Now assuming Darkrai gets the 40% on turn 1 and gets 1 turn of sleep you are ahead by 1 turn but its a non-item boosted darkrai with limited coverage. If you run NP you have to pick sludge bomb or focus blast (gl landing that with on top of hypnosis) and most teams can wall dark pulse + 1 of those anyways, even if darkrai is at +2. if you forgo NP and you go 3 attacks, due to no item boost the reward is middling and not noteworthy of taking action, I seriously doubt anyone notable is saying no item 3 attacks Darkrai is problematic.

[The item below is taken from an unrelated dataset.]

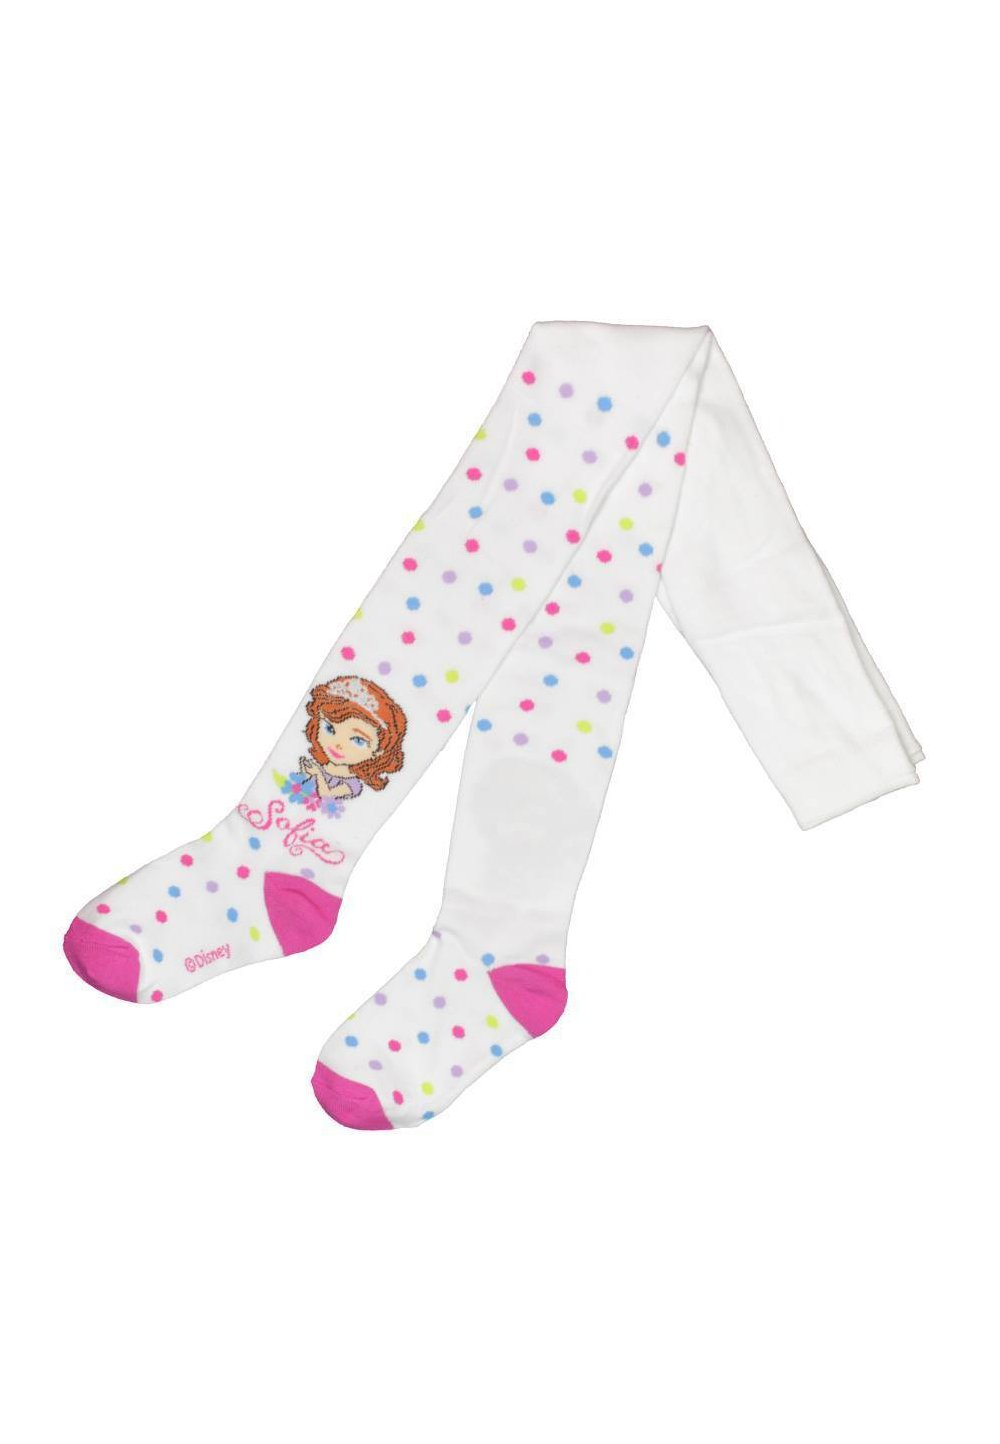 Ciorapi cu chilot Sofia 5168 imagine

The reward you get for getting the statistically unfavorable turn 1 is not at all impressive and not at all worth the team slot either if you look at it objectively. There are far more leads that give not only guranteed value but also statistically favorable value and lead sash hypnosis darkrai is proven to be statistically unfavorable on the turn 1 (this is not even mentioning that 64% on turn 2 is still not consistent either lol u could just miss/get turn 2 wake up TWICE). I doubt we will even see this Darkrai set in tour given how unrewarding when it works and inherently unfavorable it is, this is not like Cloyster where the luck has game winning potential this is an unboosted Dakrai.

There is the chance of 3 turn sleep but those odds are not at all reflective of the 90% of lead Darkrai battles anyways, and only the NP hypnosis sets can get the value needed off 3 turn sleep lead to win games. This means even if you get unlucky 3 turn sleep vs Darkrai you have decent chances that the opponent is running the non-NP Darkrai and the game is not at all over. There's too much variance that can go wrong for the Darkrai player while still not having game winning reward of past luck mons.

EDIT: Forgot to mention but you also have to land focus blast as coverage when fast hypnosis is already statistically unfavorable, yeah not happening LMFAO.